In the medium run, airline companies face two uncertainties:

  • The cost of health-related measures.
  • Operating costs are likely to increase in the short run for both airlines and airports because of additional health and safety requirements (e.g. disinfection, PPE, temperature checks, or viral tests) before they can be passed on to consumers. Moreover, if implemented for air transport, social distancing measures could force a reduction in the passenger load factor (i.e. the number of seats that can be occupied during a flight) by up to 50%.
  • The shape of the recovery for commercial flights.
  • International travel restrictions, the contraction of economic activity, and changes in transport behavior by cautious consumers may prevent a return to pre-crisis demand levels, even as lockdowns and domestic travel restrictions measures are loosened in many countries. Commercial air traffic is slow to recover: as of September 2020, the number of flights remains more than 40% below the pre-crisis level globally (Figure 1). This hides differences across flight lengths: the drop is even more pronounced for long-haul flights. In the longer run, changes in consumer behavior may result in structural changes in air transport demand. Even though the rebound of domestic flights in China suggests that traffic may revert to pre-crisis levels, a permanent drop in demand from pre-crisis levels cannot be excluded, either through modal shifts in services trade (e.g. video-conferencing instead of business travel) or, to a lesser extent, through substitution with other modes of transport (e.g. high-speed trains).

The combination of negative demand and supply shocks and the uncertainty around the medium-run outlook create an uncertain perspective for airline companies. Through inter-industry linkages, this uncertainty affects the whole aviation industry. Moreover, the industry remains exposed to a possible resurgence of the pandemic, as governments may impose new air travel restrictions to tackle flare-ups or a potential second wave of infections. This may threaten the existence of some firms in the industry, as production and revenues are likely to remain inferior to pre-crisis levels for some time.

Figure 1. Commercial air traffic, world

Number of flights tracked daily by Flightradar24, 2020 v. 2019

 

Note: 7-day moving average of the number of commercial flights tracked by Flightradar24 per day (UCT time).
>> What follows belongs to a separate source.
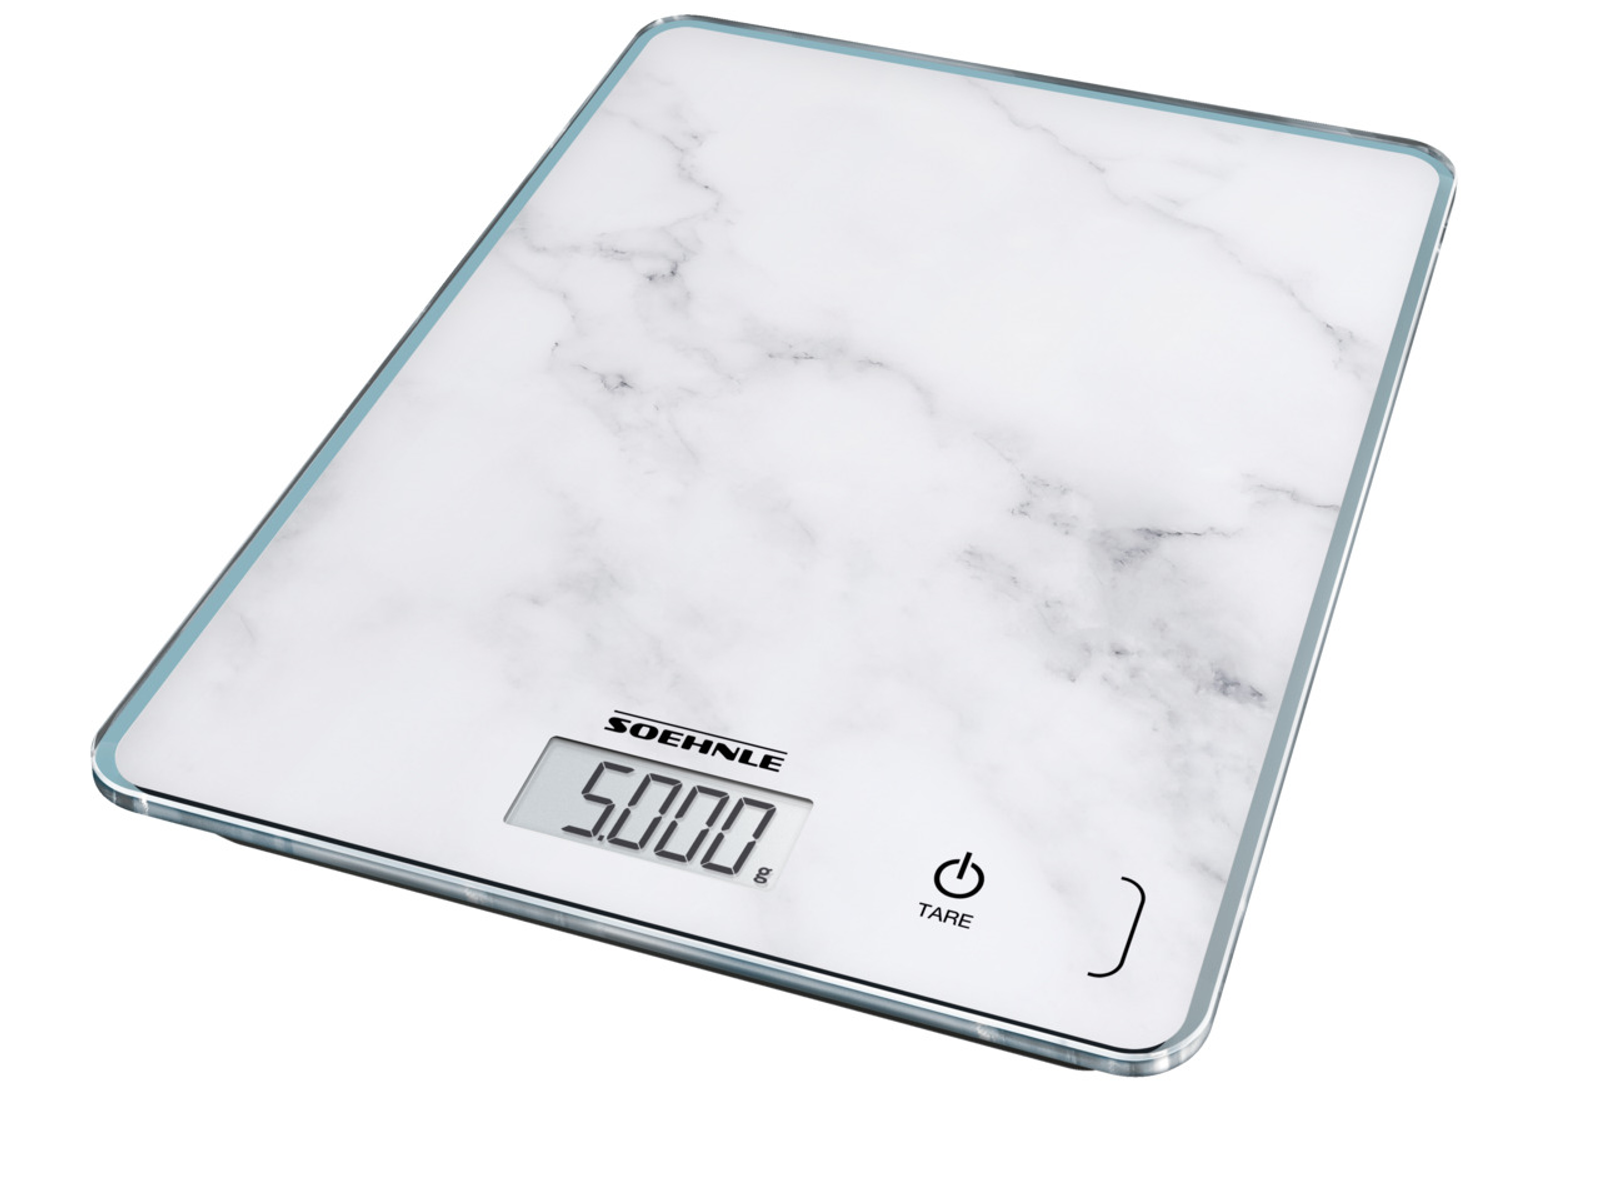 61516 Küchenwaage COMPACT 5 (Max. kg 300 PAGE Tragkraft: SOEHNLE MARBLE

Commercial air traffic includes commercial passenger flights, cargo flights, charter flights, and some business jet flights; it does not include private flights, gliders, helicopter flights, ambulance flights, government flights, military flights, or drones.

Source: FlightRadar24 Statistics, flightradar24.com.

 

Airline companies were in very different situations before the COVID-19 crisis began. In particular, air transport is one of the sectors with the highest dispersion in productivity across firms and, to a lesser extent, in profitability. Thus, airline companies entered the crisis with strikingly different abilities to withstand such a shock and heterogeneous prospects for the future.

Bankruptcies or mergers and acquisitions among large companies could hurt competition in air transport, with possible repercussions on prices. Even if 80% of passenger seats are on routes with several carriers, many of these routes rely on a small number of firms (36% of routes involve only two or three carriers).